Greece, Creditors Get Closer on Terms of Bailout

June 26, 2015 Updated: June 26, 2015

BRUSSELS—Greece and its international creditors on Friday moved closer to a deal which would allow the cash-strapped country to avoid a default and stay in the euro currency club, after Prime Minister Alexis Tsipras made a second set of concessions within a week, officials said.

Greece has agreed to cut pensions to a level very close to what creditors have demanded before they release new loans, officials said on condition of anonymity because of the sensitivity of the negotiations. The move comes only days after Greece agreed to 8 billion euros in austerity cuts and new taxes over two years.

After the first Greek proposal, Germany and other creditors, particularly the International Monetary Fund, were concerned Athens would rely too much on business taxes that could hurt growth.

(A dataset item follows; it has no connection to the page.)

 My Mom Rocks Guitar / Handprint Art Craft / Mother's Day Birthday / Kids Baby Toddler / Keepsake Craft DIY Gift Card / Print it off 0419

They insisted Greece had to do more.

Friday’s latest proposals brought Tsipras from the IMF and European institutions much closer together, enough for some to anticipate that an emergency meeting on Saturday of the eurozone’s 19 finance ministers could bring the decisive breakthrough.

“Tomorrow’s meeting is of decisive character,” German Chancellor Angela Merkel said after meeting Tsipras and French President Francois Hollande.

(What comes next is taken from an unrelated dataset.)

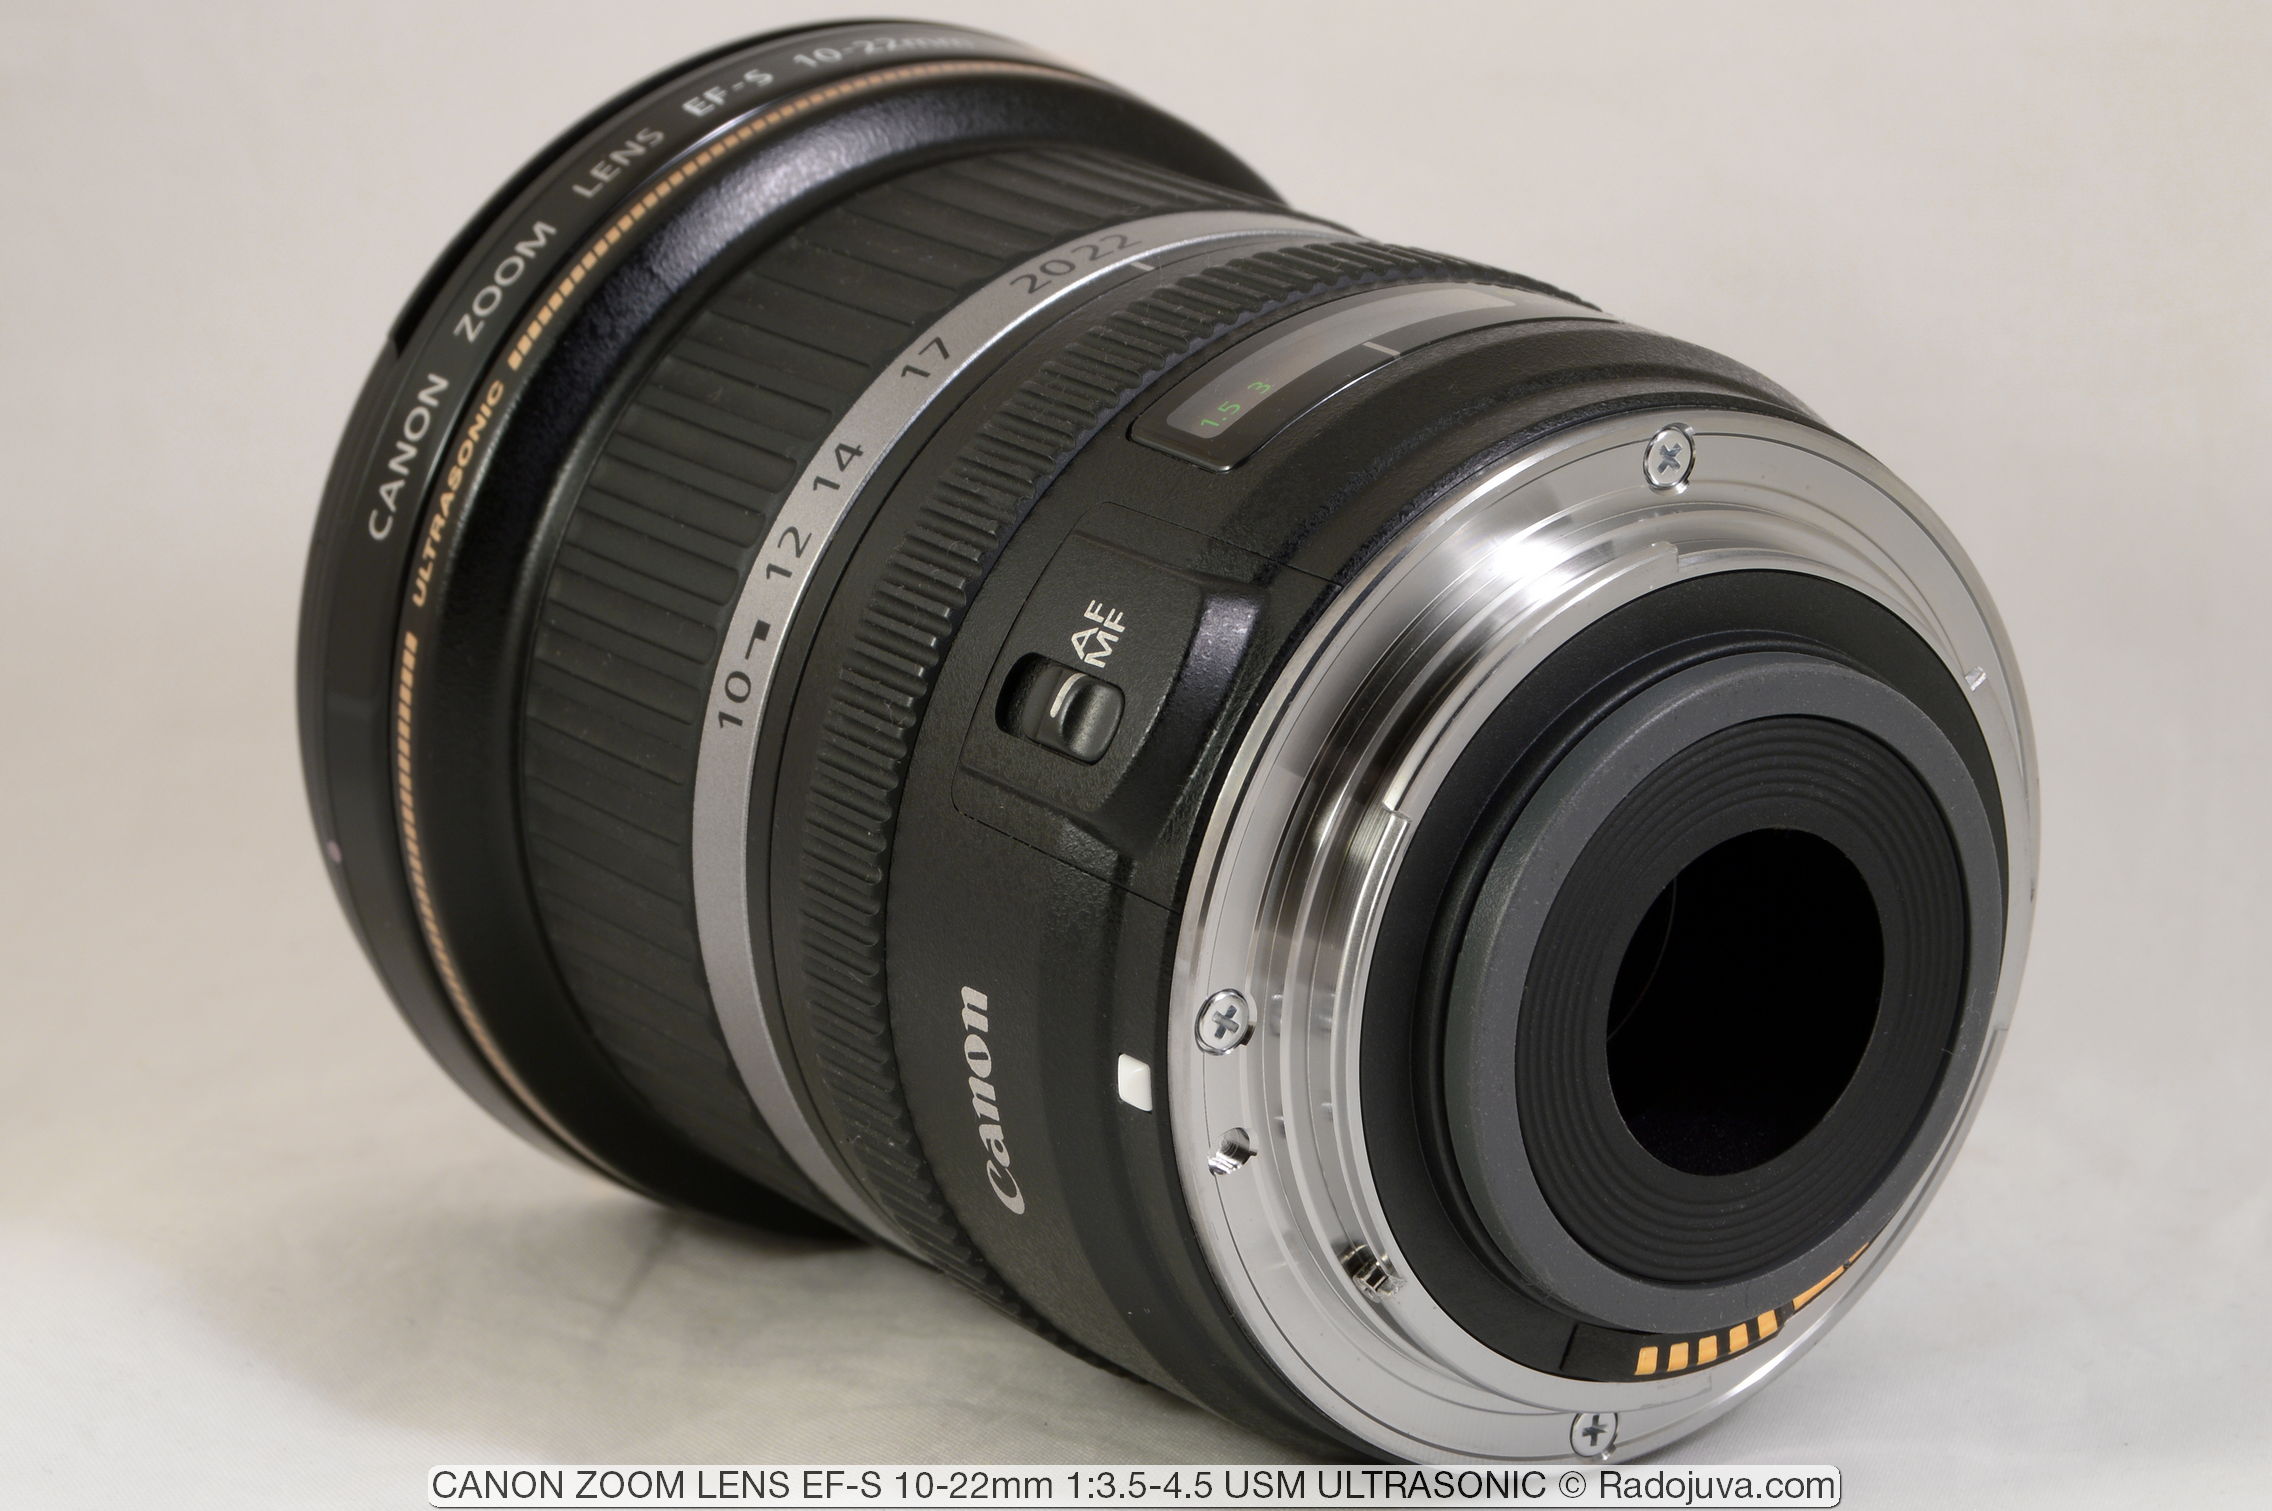 Canon Zoom Lens EF-S 10-22mm 1:3.5-4.5 USM ULTRASONICO

Under the latest proposal, Athens said it will cut the contribution from the Greek state to pensions by between 0.25 percent and 0.5 percent of GDP this year and by 1 percent next year.

An official from one of the creditor institutions said that if you assess both sides “the difference now is very, very small.”

Megan Greene, chief economist at Manulife Asset Management, said that “The gap between Greece and its creditors looks much smaller now that Greece has caved on some of its proposed pension reforms.”

Tsipras earlier met with Merkel and French President Francois Hollande on the sidelines of a European summit in Brussels on Friday, as talks on unfreezing the country’s bailout loans were at an impasse.

Greece could be in arrears of payment to the IMF as soon as Tuesday, when it has a debt repayment of 1.6 billion euros.

Negotiations have stumbled on what economic reforms Greece must make in return for the remaining 7.2 billion euros in its international bailout program.

Should it default on its debt, Greece could eventually have to leave Europe’s joint currency, the euro. That would likely plunge the country back into a deep and long recession and shake European and global markets.

European leaders have demanded finance ministers from eurozone countries reach an agreement Saturday on the reforms Greece must make to unfreeze its bailout loans.

Tsipras, elected in January on promises to repeal the deep austerity measures imposed on the country in return for two bailouts totaling 240 billion euros, has been adamant he will not agree to more recessionary measures.

With the European part of Greece’s bailout expiring on Tuesday, and with it the country’s potential access to the remaining funds, time is running out.

“It really has to happen tomorrow,” said Jeroen Dijsselbloem, who heads the 19 eurozone finance ministers’ meetings known as the eurogroup, said of a potential deal. Any agreement, he noted, would have to go through the parliaments of Greece and several other eurozone countries, meaning the weekend is the latest possible time for a deal to be reached before June 30.

Greek officials have said all possibilities remain open, including that of not reaching an agreement.

In the current climate, with creditors insisting on draconian budget savings, “the chances are very small” for an agreement, Labor Minister Panos Skourletis said on private Mega television.

Business leaders in Greece have been alarmed by the proposed measures, which include increases in company and consumer taxes.

The creditors’ proposed measures are “exceptionally punishing for the Greek society and economy,” said Vasilis Korkidis, head of the Hellenic Confederation of Commerce and Entrepreneurship, saying they would affect profitable parts of the Greek economy.

However, he warned, an alternative of no solution and a break in ties with Greece’s European partners would be far worse.

“If you ask me … what I prefer between a bitter and painful deal and a catastrophic rupture, I clearly chose a deal for Greece to remain in the euro with a vision of growth,” Korkidis said in a statement.

Dijsselbloem said a package was needed “that gets Greece back on its feet.” He noted investors had left the country and said many no longer had faith in the government.

“The trust has to return and that requires a deal, it requires a number of reforms and they will have to accept that,” Dijsselbloem said.

But Finance Minister Yanis Varoufakis, speaking to Irish radio RTE, said Greece had “bent over backwards to accommodate some rather strange demands by the institutions. It is now up to them to come to the party.”

He said there was a “moral duty” to reach an agreement.

“Our commitment to remain in the eurozone is absolute,” Varoufakis said. However, he added, as a debtor nation “I think I have a duty not to take on more loan tranches unless there is some prospect that these debts will be repaid.”

Separately, a banking official said the European Central Bank had agreed Friday to a request for support to Greek banks. The official declined to specify whether the request was for an increase in the emergency credit Greek banks have been receiving.

Worried depositors have been pulling their money out of Greek banks, fearing a failure in the negotiations could lead to financial turmoil and a restriction on banking transactions. An estimated 4 billion left Greek banks last week.